Contract Not Renewed, Correspondent Says
Alfonsi told The New York Times that CBS declined to renew her 60 Minutes contract when it expired on May 23 and that the move "sends a chilling message" to the newsroom, as reported by The Washington Post. She said her agent's calls were met with silence and that she "isn't resigning, if they want me gone because I did my job, they'll have to fire me." Alfonsi has been a regular 60 Minutes correspondent since 2015, according to her CBS News biography.
What the Spiked Report Documented
The investigation, titled "Inside CECOT," focused on Venezuelan migrants the U.S. deported to El Salvador's massive CECOT prison and echoed a Human Rights Watch study that described "systematic" abuses there. Human Rights Watch and local partners say survivors reported torture, incommunicado detention and forced disappearances. The leaked 60 Minutes footage included survivors' on-camera accounts; one former detainee said guards forced him to kneel for long stretches and that a solitary punishment called "the island" came with beatings every half hour, details reported after the episode briefly appeared online. Forbes covered those accounts and the subsequent leak.
How the Segment Was Pulled, Leaked and Later Aired
CBS pulled the piece just hours before it was scheduled to run on December 21, with editors saying the story needed more reporting and on-the-record comments from administration officials, according to contemporaneous coverage. A Canadian broadcaster then accidentally streamed the original cut, which spread quickly across social platforms and prompted takedown notices, and a revised version of "Inside CECOT" aired on January 18 with brief addenda and written statements from the White House and DHS. TheWrap and Poynter traced the timeline and editorial back-and-forth.

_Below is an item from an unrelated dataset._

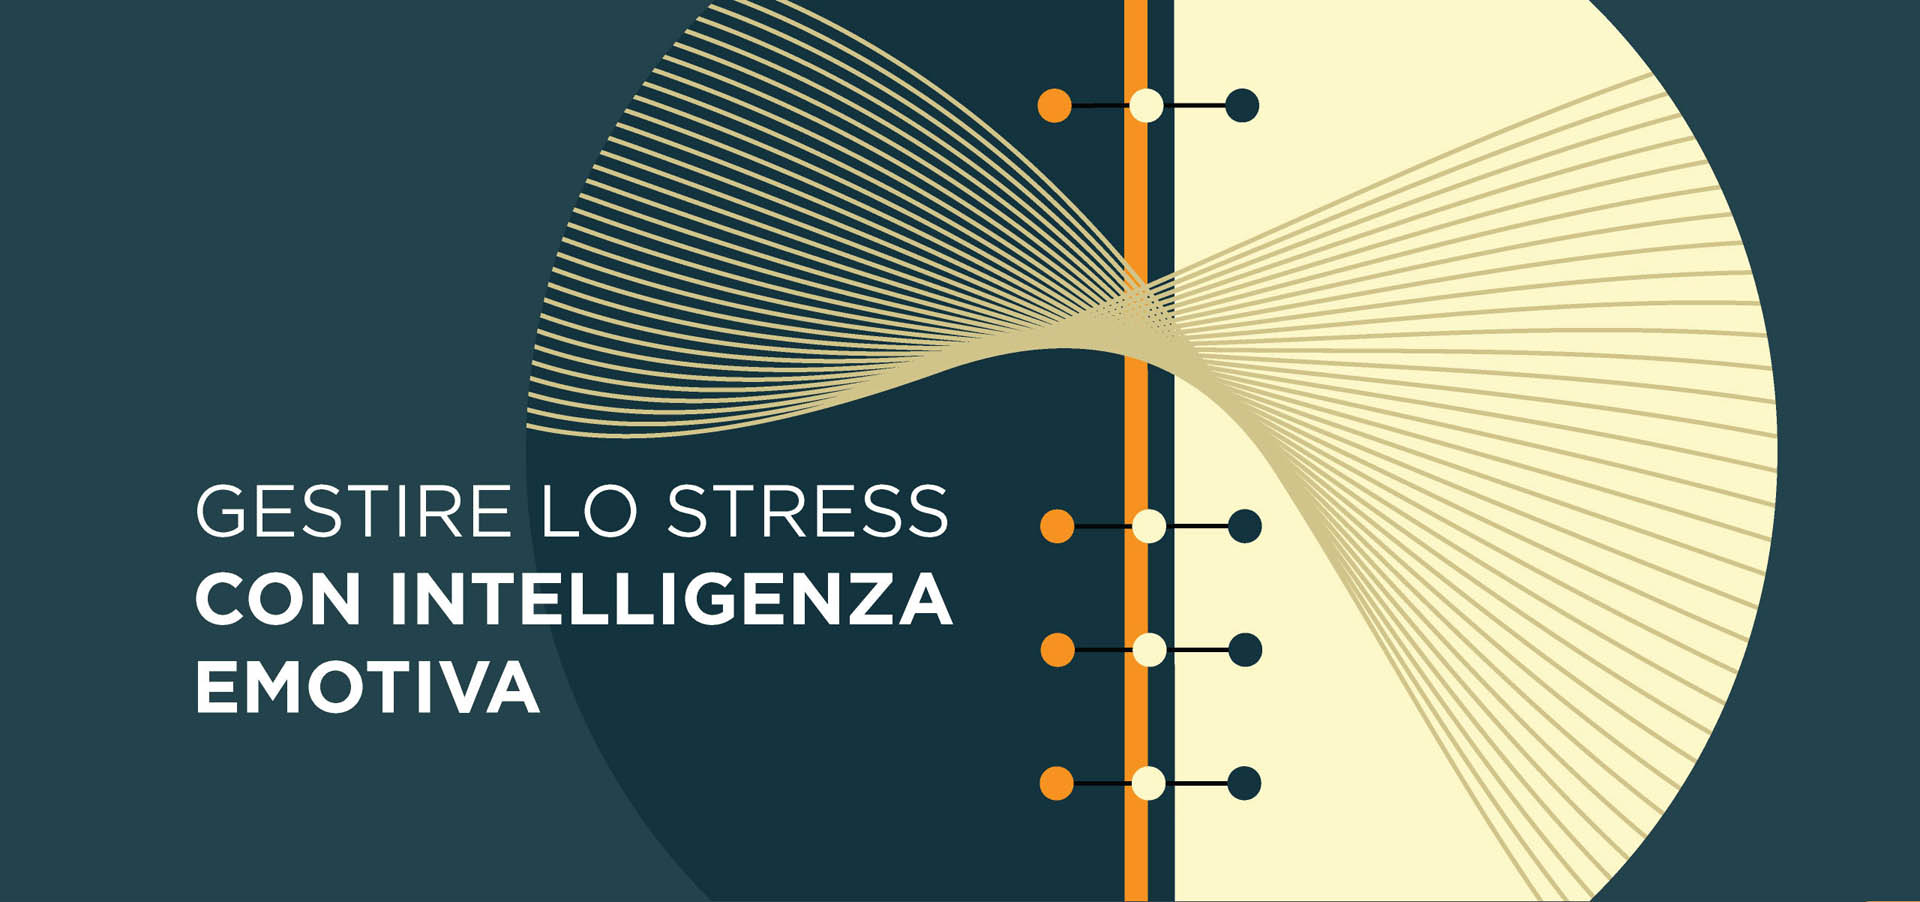 Gestire lo stress con intelligenza emotiva

Weiss' Defense and Newsroom Fallout
Weiss and other senior editors defended the decision in staff messages, arguing the hold was meant to make the package "comprehensive and fair" and that the piece "did not advance the ball" without additional sourcing, according to reporting. Deadline published Weiss's memo, while veteran correspondents and media observers raised alarms about editorial independence in coverage by The Guardian. For a show that built its reputation on tough questions, the internal ones are suddenly just as pointed.

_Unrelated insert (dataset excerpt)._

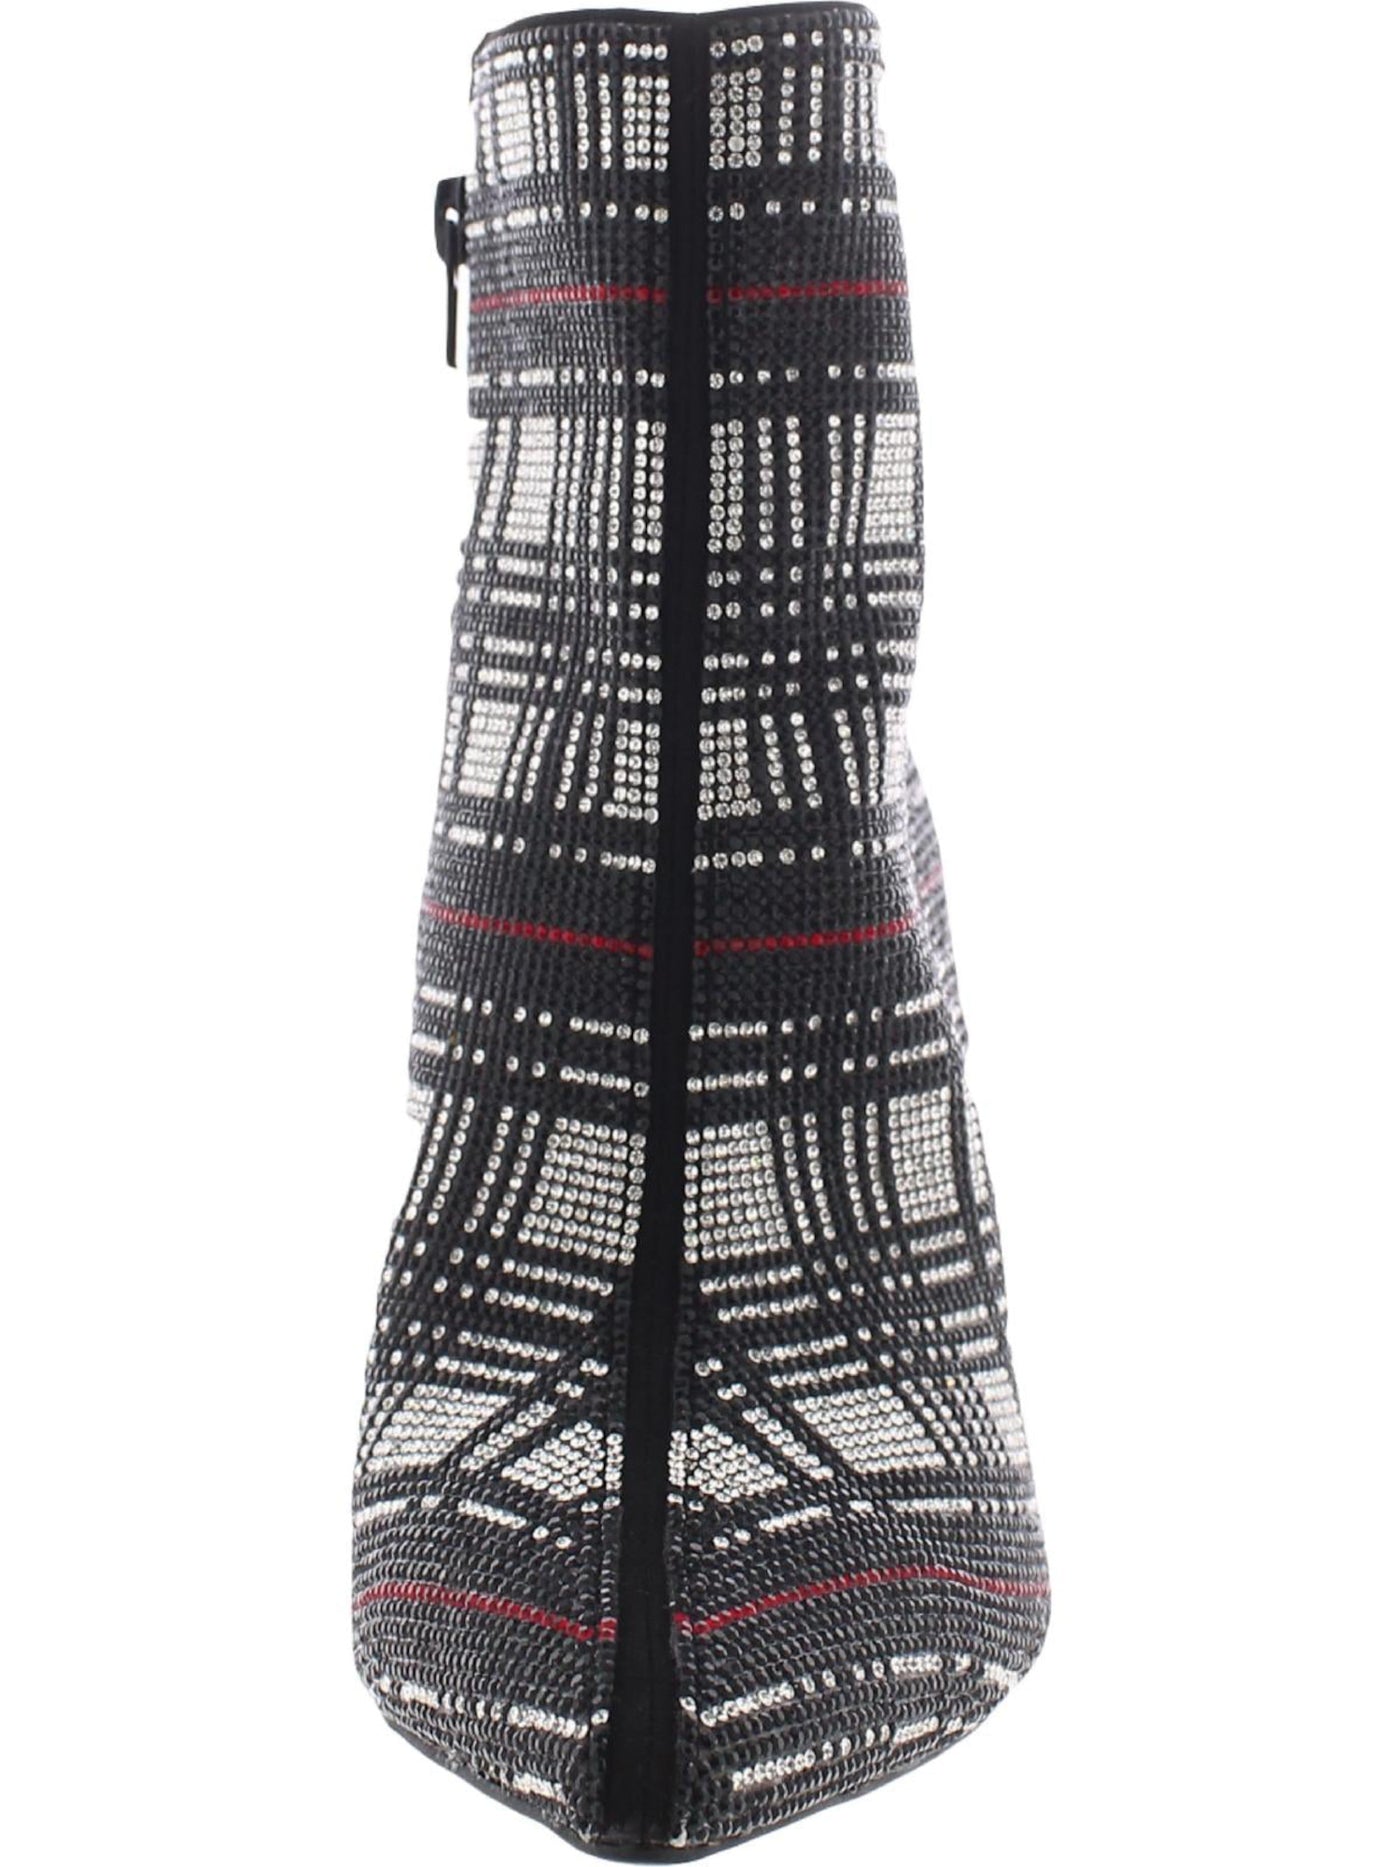 INC Womens Black Plaid Rhinestone Comfort Reisa Pointed Toe Stiletto Zip-Up Dress Booties 5.5 M

Alfonsi has framed the nonrenewal as a penalty for refusing to water down work she says had already cleared legal and standards reviews, and her exit from 60 Minutes, even if she remains employed by CBS without a renewed deal, is being watched as a test of how much independence the show keeps under new leadership. DailyVoice first flagged the local angle of the report and the broader reaction in coverage that day.